17 July 2009

Gourmet Mushroom-Artichoke Sandwich of Love

Last night I flew back from North Carolina to Connecticut. George braved a terrific thunderstorm to drive me home in the fay hours of night. We were both slavering and there was practically nothing in the fridge. Then I remembered a sandwich recipe from the Vegetarian Times and adapted it to our situation. Two fine sandwiches emerged, which George pronounced "tasty as hell."

Mushroom-Artichoke Sandwiches

1 package sliced portobello mushrooms, washed
1 glass jar of artichoke hearts, drained, rinsed, and halved or chopped
some cheese (I used Emmenthaler)
some leftover wine
some mayo
some bread

  1. In toaster oven or real oven, stick in 2 slices of bread with slices of cheese on top. Cook at 350 or 400 degrees until cheese is melty.
  2. Toast 2 slices of bread that have a little mayo spread on them.
  3. Meanwhile, in a fry pan pour some left-over wine. Cook the mushrooms in them until they're juicy and the wine and mushroom juice have mostly cooked off. Add the artichokes and heat up everything together.
  4. To make the sandwich: One slice cheese bread, topped with artichokes, mushrooms, and the mayo bread. Makes 2 sandwiches

14 July 2009

Peanut Noodle Salad

No one has posted for a while, I know—sorry! George and I just bought a house and because our lives have been hectic we haven't been cooking anything particularly new or interesting for a while. Tonight, however, was our Farewell Dinner so we pulled out all the stops. I started planning last night (to George's disbelief), but at that time I didn't realize that today we would harvest some of our garden crops! We pulled up four shallots and picked three hot Hungarian wax peppers. The vegetables tasted so fresh that my whole body felt uplifted.

The meal deeply satisfied us all. My peanut noodle salad paired serenely with the grilled tuna steaks, grilled Hungarian and cubanelle peppers, and shallot butter. I didn't even eat any tuna steaks and my gullet couldn't take any more gorging, so I don't know how the others managed.
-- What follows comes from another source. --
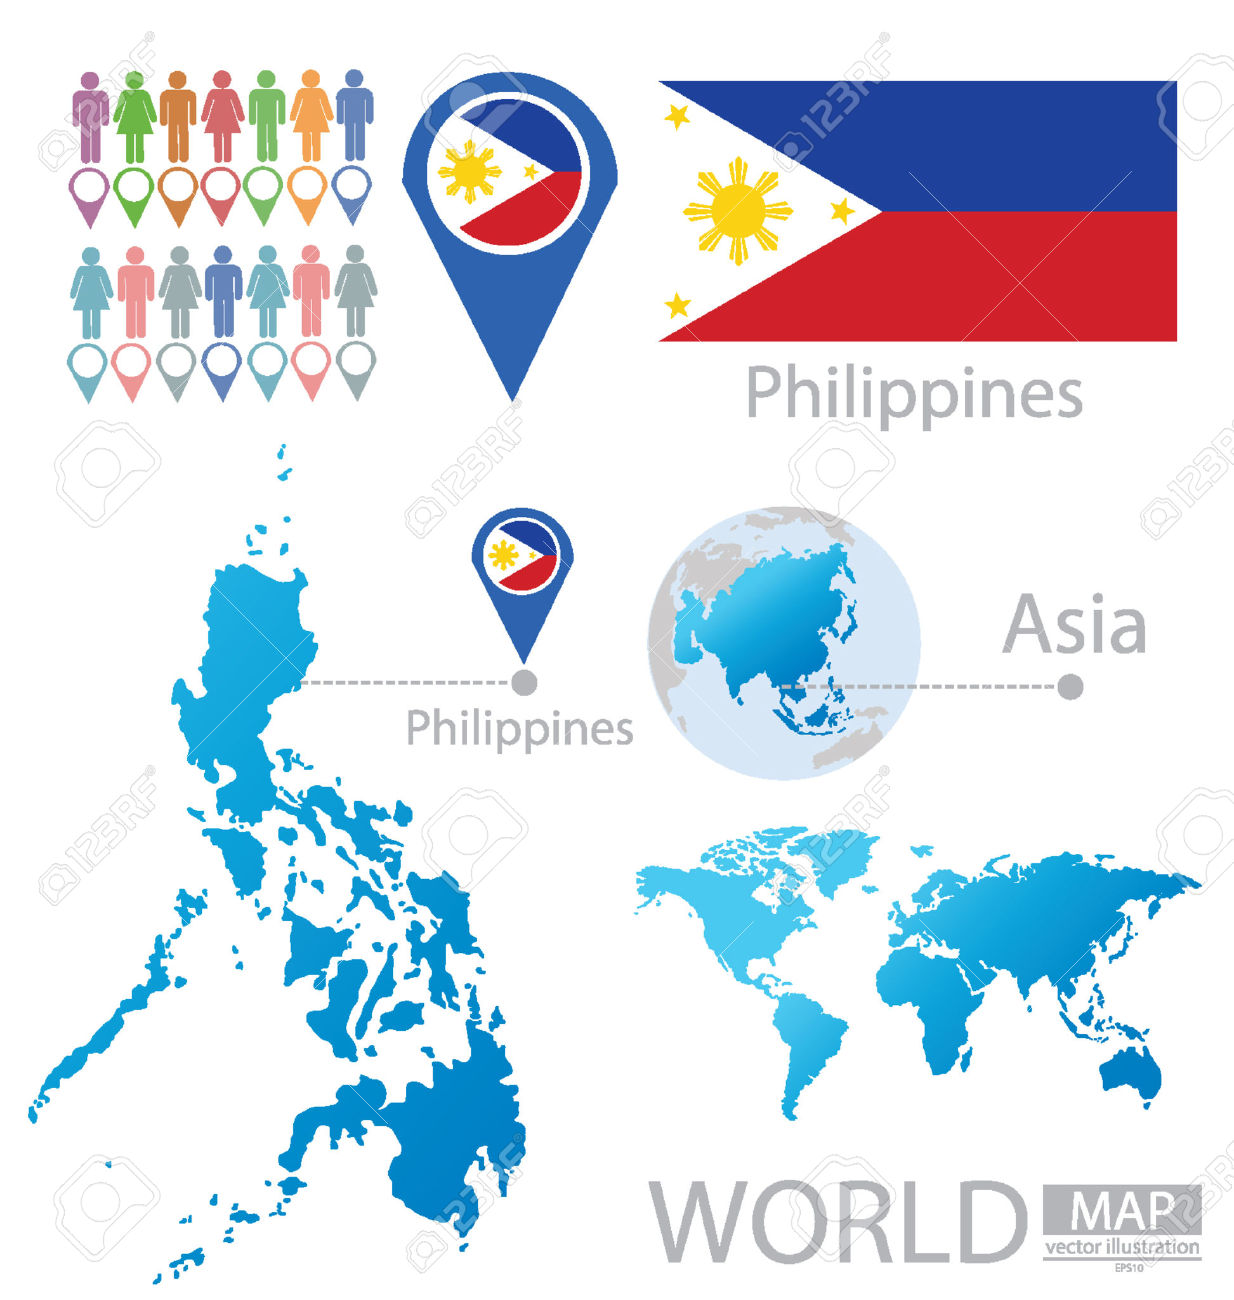 Republic Of The Philippines Vector Illustration Royalty Free.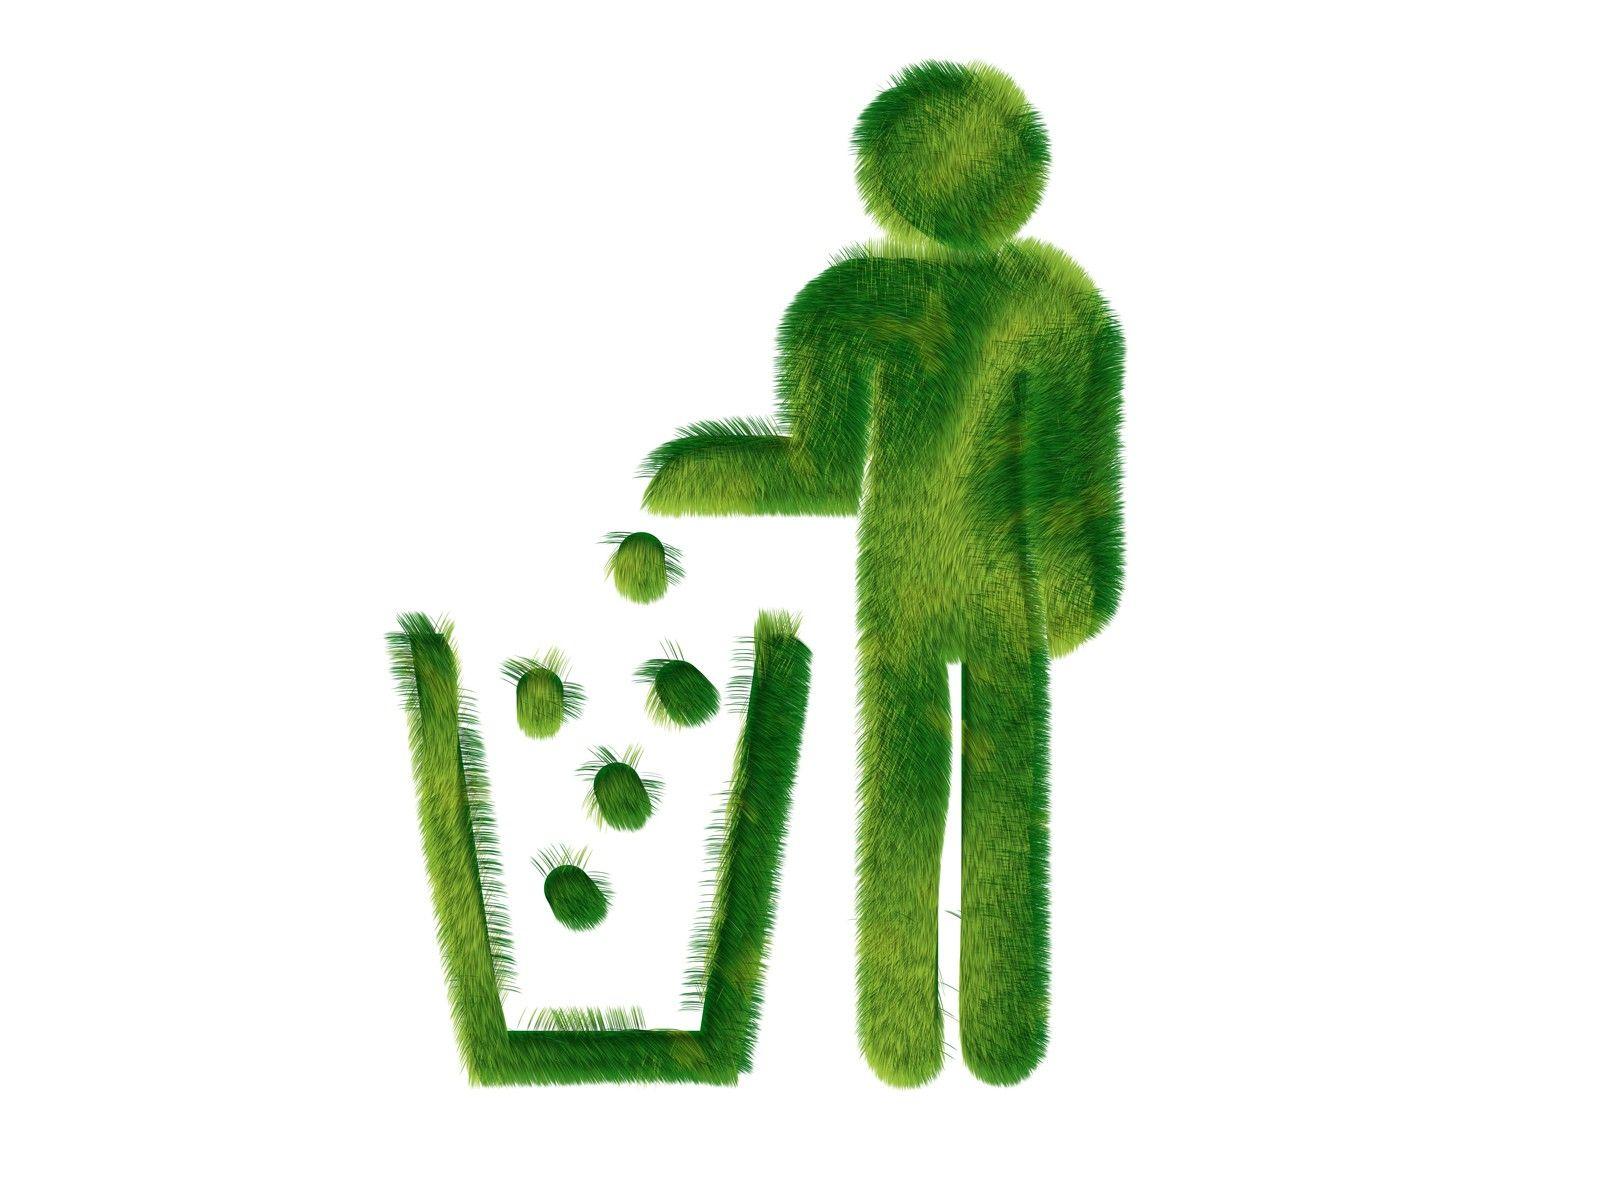 Recycling for Guernsey updated... - Recycling for Guernsey

Would you believe that I invented the peanut noodle salad all by myself? Well, I didn't. I used Mollie Katzen's peanut sauce from the New Moosewood Cookbook. It contains a cup of peanut butter, a few tablespoons soy sauce, raw garlic, raw grated ginger, a few tablespoons brown sugar, a few tablespoons apple cider vinegar, crushed red pepper flakes, and a cup and a half of boiling water. Ambrosial.

I poured the peanut sauce over lotsa lettuce and chopped endive, boiled white asparagus, sauteed firm tofu, sliced shallot greens, and toasted chopped almonds plus noodles: wide flat rice noodles soaked in hot water until soft, then drained and thoroughly rinsed in cold water. It took me about an hour to make the whole thing at a lazy pace.

Meanwhile, people grilled the tuna steaks and the peppers. When the peppers were blackened, George sealed them in a plastic bag for 10 minutes or so, then peeled off the black outer layer. He doused them in olive oil and kosher salt and served them hot and delicious.

Lizzie made the shallot butter by melting 1/3 Cup butter with 4 finely chopped garden-fresh young shallots and 2 large minced cloves of garlic. She cooked it real slow until the shallots turned translucent. She spooned the shallot butter onto the tuna steak and for me, onto homemade whole wheat bread. De-lovely!